→ **Work instructions**
What is wanted is every line below from the one with "United Colors Of" up to and including the one with "Brooklyn Brewery Logo", retyped exactly, pictures excluded, nothing else.

-- The data follows --

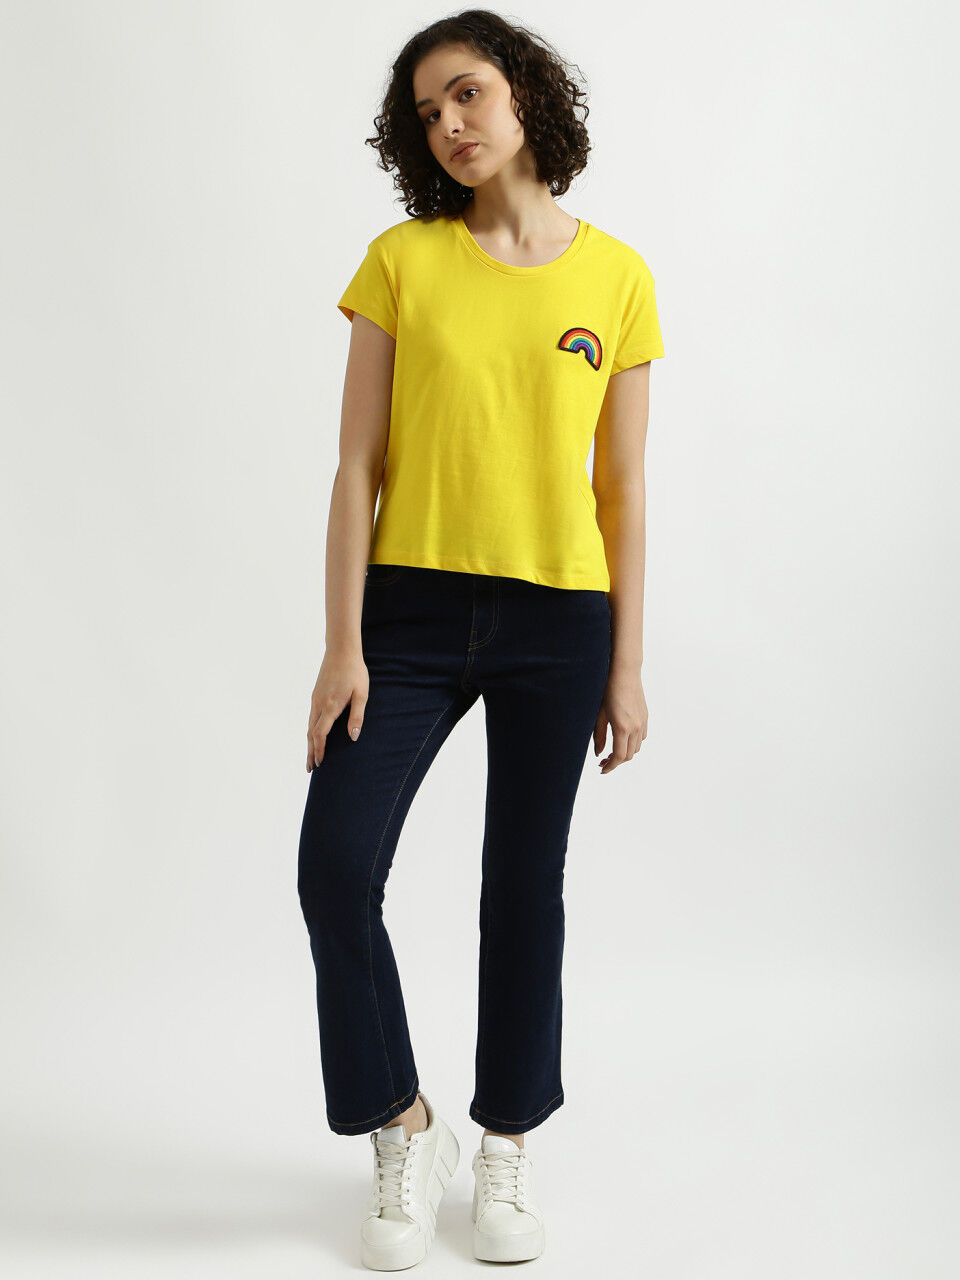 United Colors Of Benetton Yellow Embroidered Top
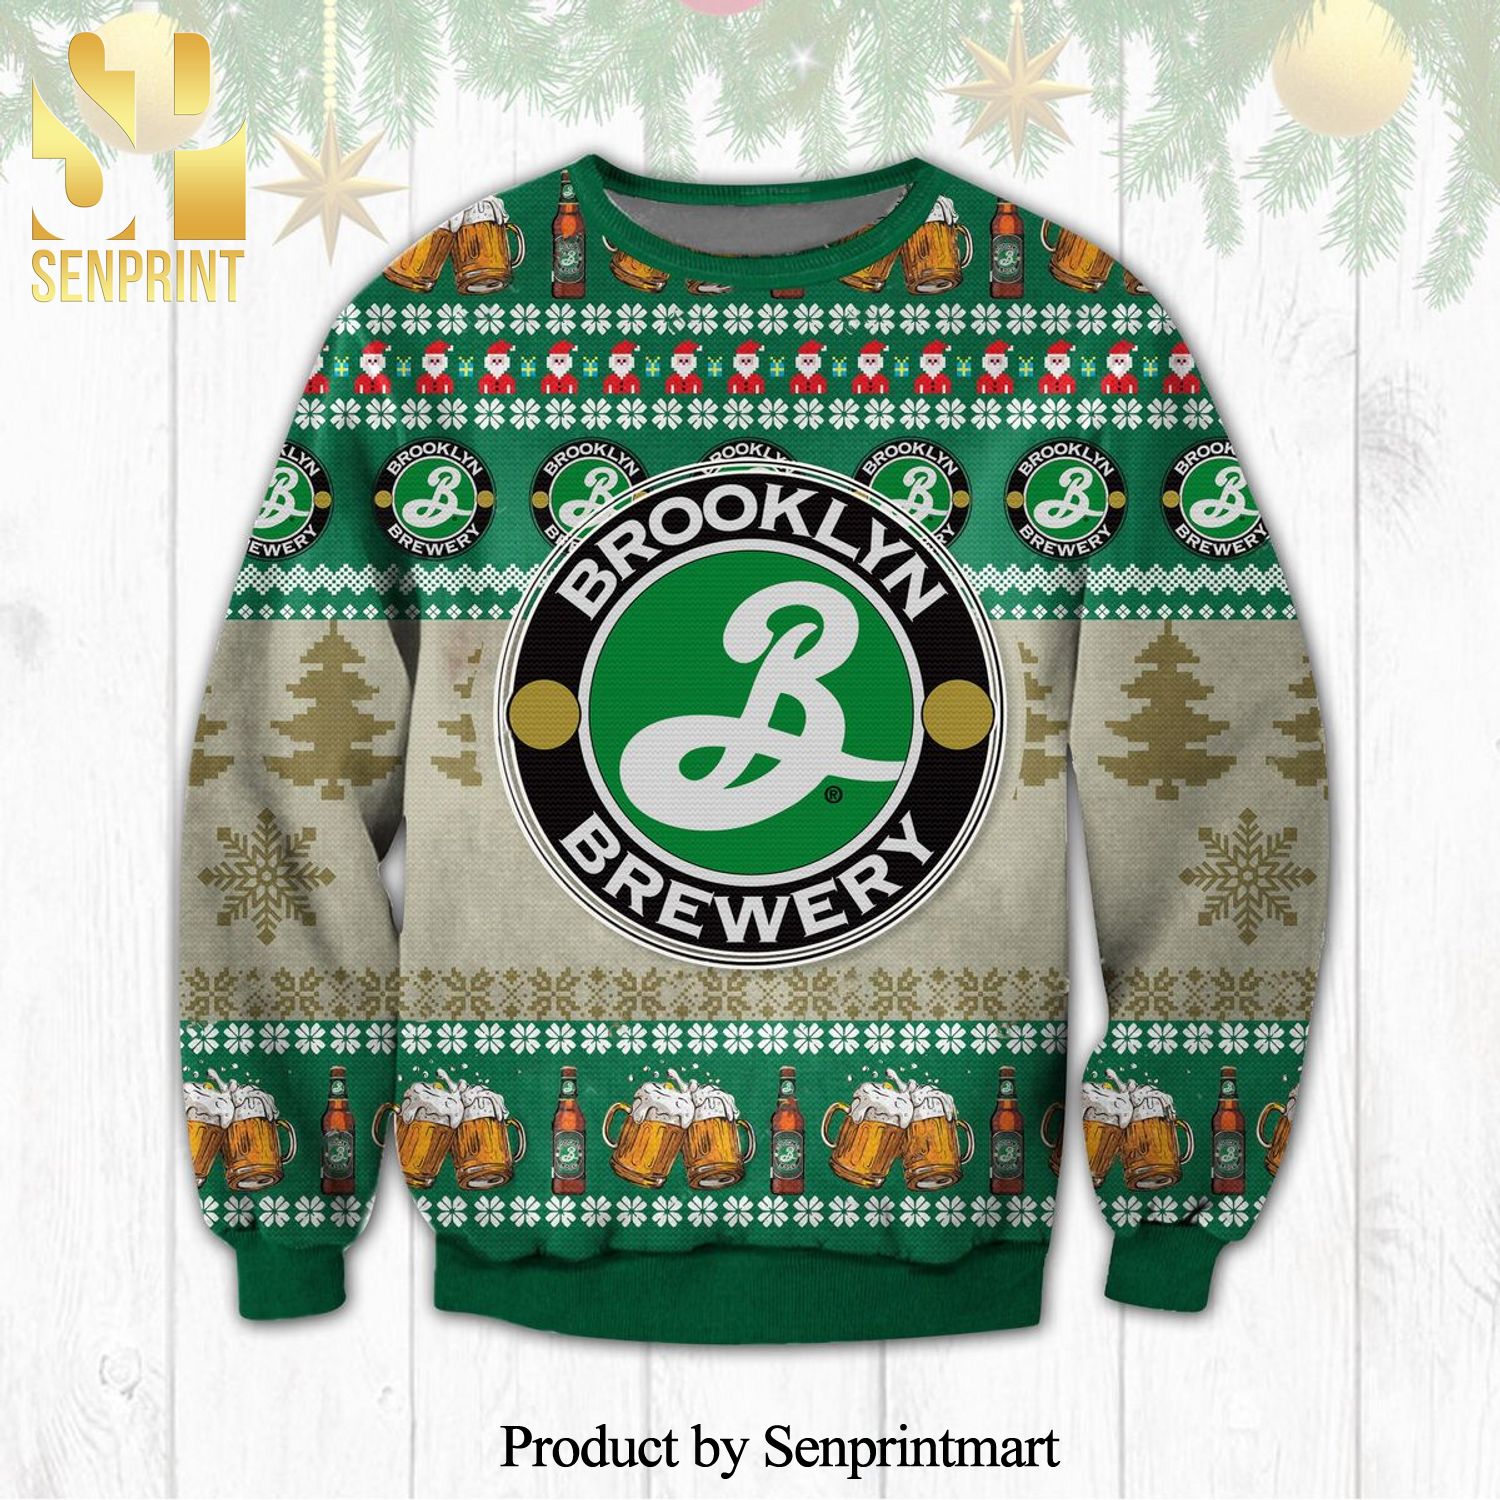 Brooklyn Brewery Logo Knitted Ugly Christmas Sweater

-- The data concluded --
-- The data follows --

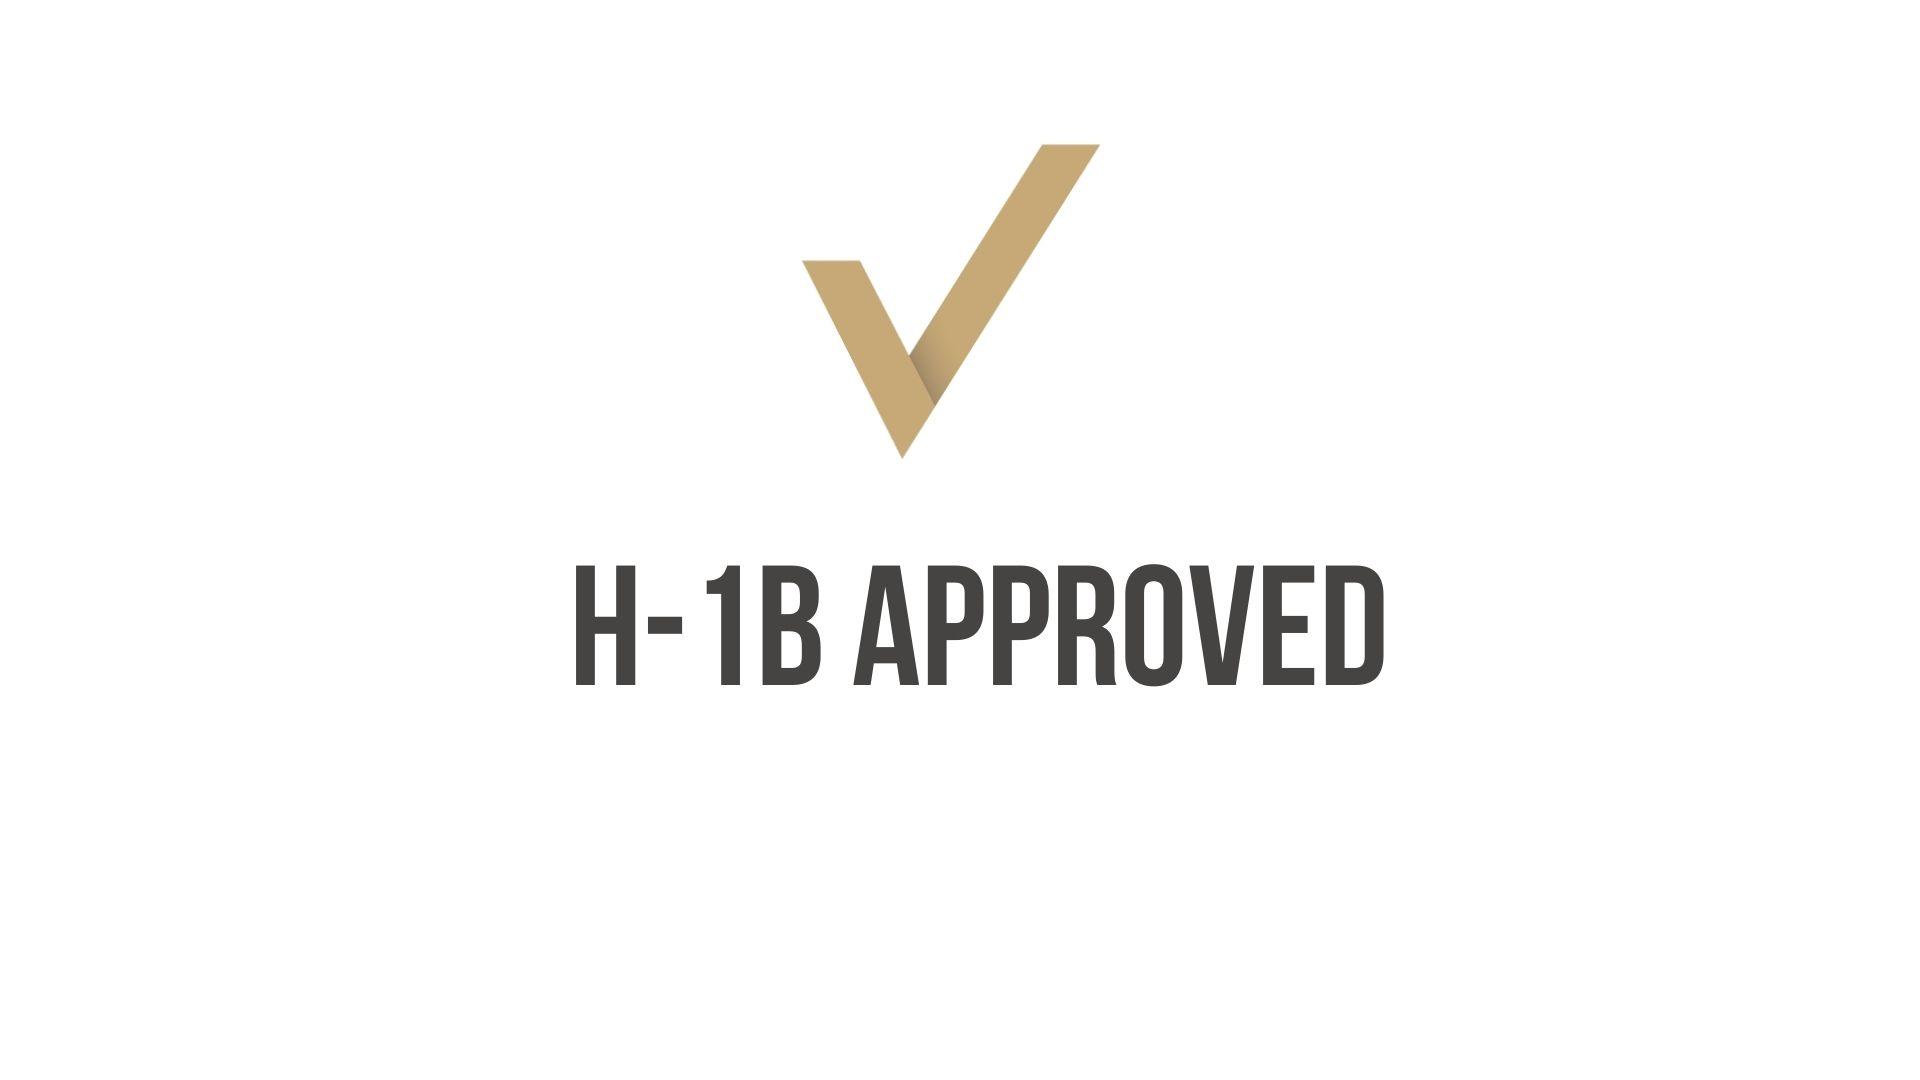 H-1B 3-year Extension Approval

-- The data concluded --
-- The data follows --

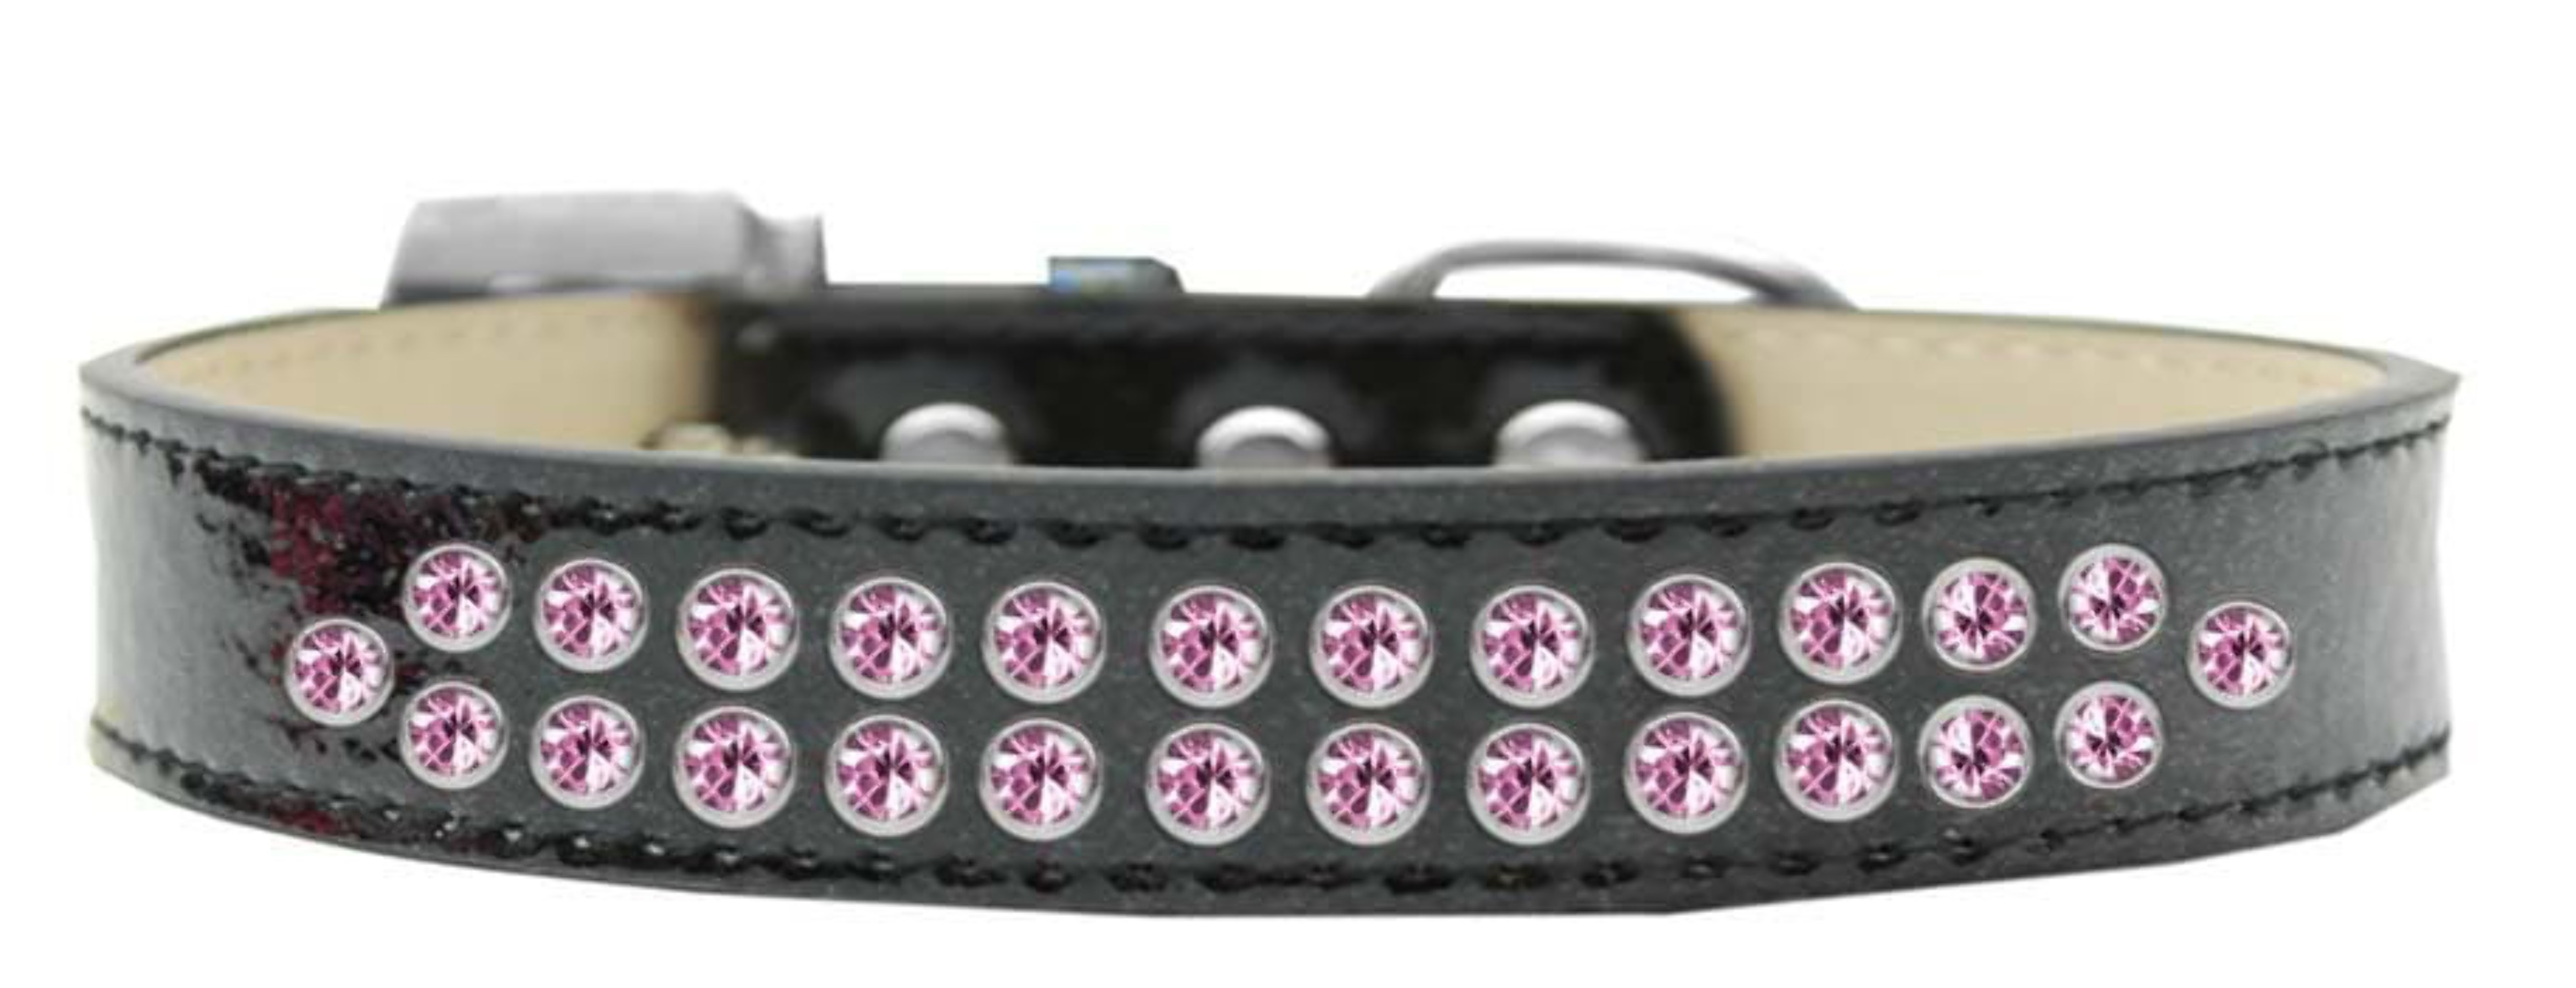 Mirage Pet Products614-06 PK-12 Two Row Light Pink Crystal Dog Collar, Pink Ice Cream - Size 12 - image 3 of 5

-- The data concluded --

→ **Solved exercise**
 United Colors Of Benetton Yellow Embroidered Top
 Brooklyn Brewery Logo Knitted Ugly Christmas Sweater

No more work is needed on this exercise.